Wind-Forced Hydrodynamics and Their Interaction with Larval Fish and Plankton Abundance: A Time-Series Analysis of Physical–Biological Data

Abstract

We evaluated methods to measure simultaneously biological and physical properties essential for estimating short-term mortality of larval fish. We used the data to test Templeman's watermass exchange hypothesis and the associated safe-site hypothesis. Synoptic estimates of larval capelin (Mallotus villosus) and microzooplankton particle density were obtained simultaneously with a scale resolution of 200 m (horizontal), 2–4 m (vertical) and 6–8 h (temporal) in a 1-km² coastal embayment in eastern Newfoundland. Statistically significant population estimates were derived from multiple regression models incorporating a limited number of samples. Spectral analysis of wind and current time-series and analysis of large-scale temperature oscillations were consistent with Templeman's hypothesis. Nearshore current responded to cross-shore wind forcing at periods of 2–6 d.

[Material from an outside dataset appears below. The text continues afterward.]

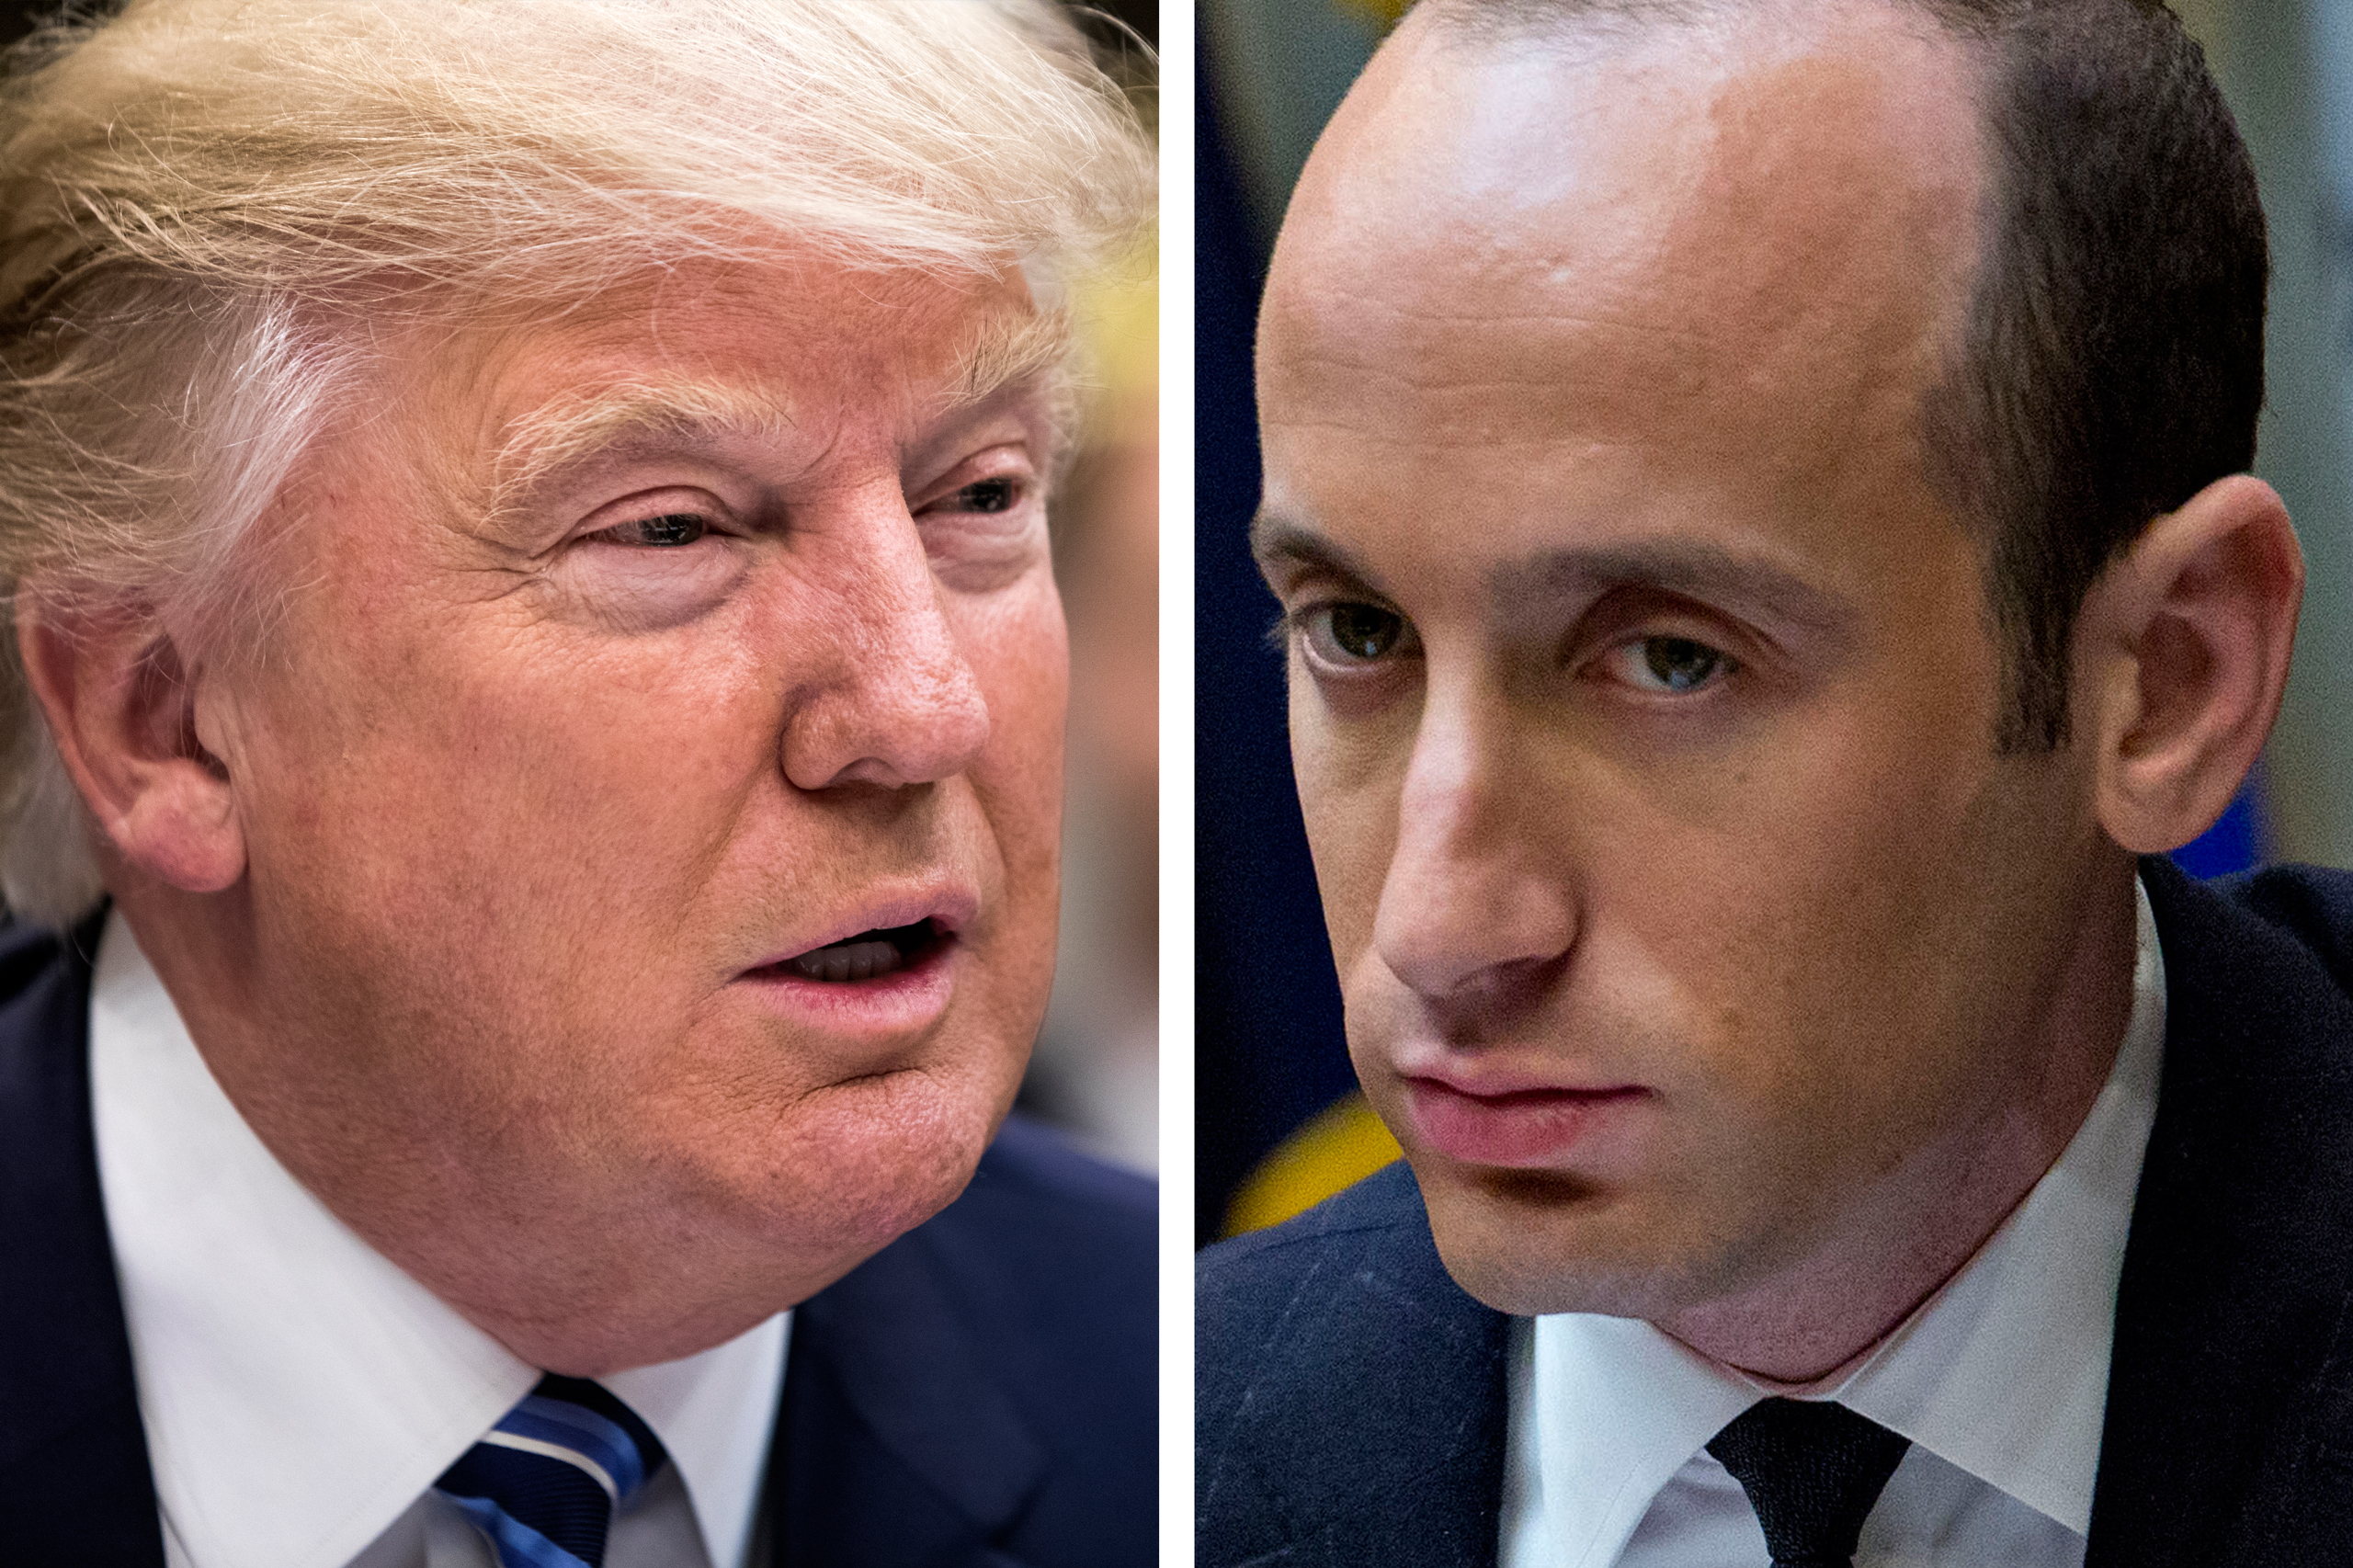 <i>Left</i>: President Donald Trump in the Roosevelt Room of the White House in Washington on Feb. 9, 2017;  <i>Right</i>: Stephen Miller, White House senior advisor for policy, during a meeting of small business leaders in the Roosevelt Room of the White House in Washington on Jan. 30, 2017. (Jim Lo Scalzo—Bloomberg/Getty Images; Andrew Harrer/picture-alliance/dpa/AP)

Larval capelin abundance oscillations were coherent with wind and with current at periods of ~5 d, consistent with the watermass exchange and safe-site hypotheses. Although larvae and microzooplankton abundances showed similar spectral density and were in phase, their coherence was weak. Integrated measures of onshore wind and of the onshore–offshore wind spectrum were correlated, and either can be used as a composite measure of the considerable interannual variation evident in the frequency, magnitude, and duration of onshore winds, and hence of watermass exchange.